Текст книги "Встречи"
Автор книги: Борис Рощин
сообщить о нарушении
Текущая страница: 19 (всего у книги 30 страниц)
Потом распилили мы со стариком несколько сухих трухлявых бревен. Карп Иванович, хоть и держался одной рукой за поясницу, пилу по бревну водил легко и твердо и, по обыкновению, не умолкал:
– Это я изобку Марии Трофимовой на дровишки раскатал. Она, почитай, годков десять как померла уже. Скоро, ествую, всю деревню в печи спалю. Эвон Ольгина изобка да Егора Карася только и остались, да ешшо забор к скотному двору.
Несколько бревен покрепче, посвежее старик откатил в сторону, пояснил:
– Эти на мост пойдут под прогоны. Я все мосты от поселка до Раковки в аккуратности содержу. Может, сын из Новгорода в отпуск приедет, у него машина своя. А Колька, внук, на мопеде своем, ествую, где хочешь без моста пройдет. Ой крутой у меня внук, ой хороший! На тракториста выучился, скоро в армию пойдет, а вина в рот не берет. Лучше, говорит, деда, я лимонада бутылку выпью, чем вина. Я, говорит, деда, в поселке после армии жить не стану. Женюсь, в Раковке дом построю. Потому как красиво здесь и Ловать рядом, рыба. Внук мой способный на спиннинг рыбу ловить.
– Где же он здесь работать будет? – удивился я.
– Работать он в поселке наметился трактористом, а жить – здесь, в Раковке. Лучше, говорит, я каждый день по семь верст туды и обратно делать буду, чем в поселке в болоте жить.

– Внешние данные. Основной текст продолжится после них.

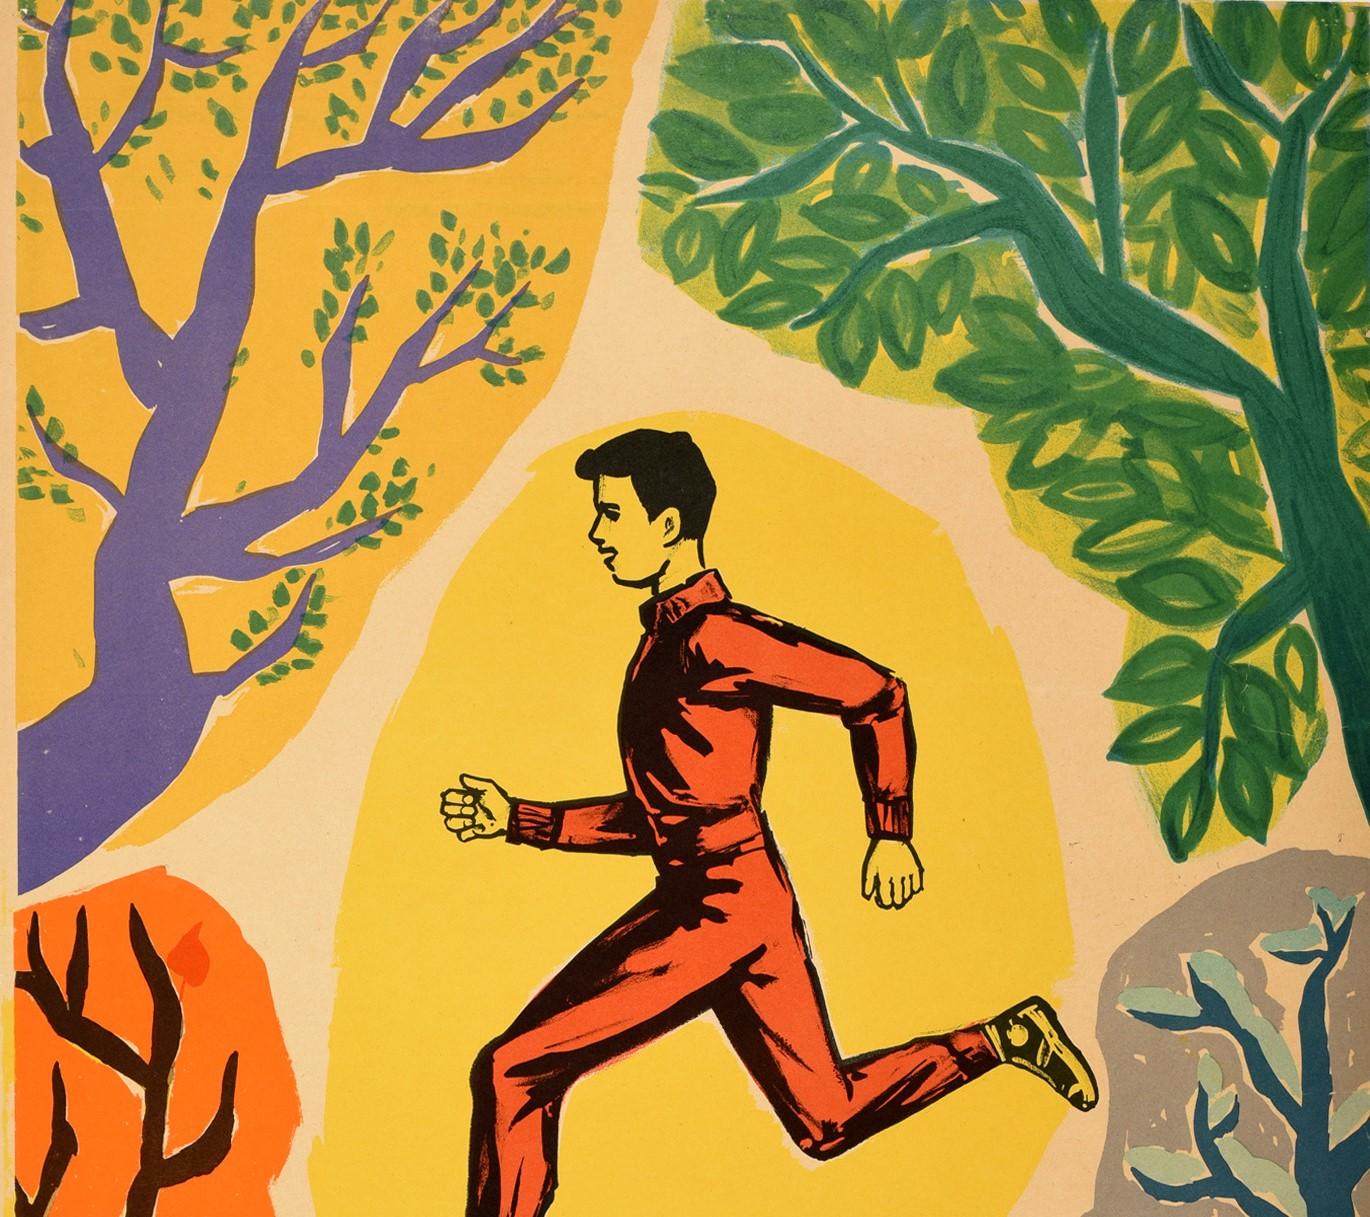 Original vintage sport and health propaganda poster - Train All Year Round / Trenuj Caly Rok - featuring a man keeping fit by running in the woods surrounded by the trees in the different seasons with a few green leaves for Spring and completely

И дружок его Серега, и ешшо двое приятелей порешили после армии в Раковке дома построить. Может, и оживет ешшо деревня. Эвон глянь, красота какая вокруг, благодать. Антип-то Фомин, дружок мой, в Руссе на пятом этаже живет с газом, а поросенка в ванне держит, ествую. Колька, внук, говорит мне: мы, деда, с робятами дорогу сюды в Раковку бульдозером разровняем и мосты починим. Я, говорит, деда, «Москвич» куплю и на работу на ем ездить буду. А в выходной день в Руссу поеду или в Новгород в магазины или хошь в музей, а то и в ресторан. Ежели в Раковке осядешь, хоть и в моей изобке пока, помогу тебе на «Москвича», Кольке говорю. Все по-твоему сбудется, ежели три заповеди мои соблюдешь. Первое: по любви женись и жену выбирай не в хороводе, а на огороде. Хорошая жена горшком в дом наносит, чего мужик возом не навозит. Второе, говорю, Колька: вина лучше никогда не пей, вот как ты сейчас. А ежели выпьешь, шутки с ним не шуткуй. Чтобы был ты всегда своей голове хозяин.
– И третья заповедь? – поинтересовался я, заметив, что старик потерял нить рассказа и задумался.
– Третья? – Карп Иванович встрепенулся. – Хочешь есть калачи – не лежи на печи. Перво-наперво: заведи корову. Ноне-то глянь – молочко и по деревне в сапожках щеголяет. Ну старый я, мне теперича молоко без надобности… Без особой надобности, – поправился старик, – а молодым-то с дитем малым как можно без коровы? И молоко всегда парное на столе, и сливки, и сметана, и маслице, и с деньжатами всегда в семье. Трудно с коровой? А ты попробуй, не ленись, может, и не будет трудно. Я, когда корову со двора свел, цельное лето как потерянный ходил, как дурной. Бывало, поднимусь чуть свет, возьму подойник и… как обухом по голове. Стою, ничего не соображаю.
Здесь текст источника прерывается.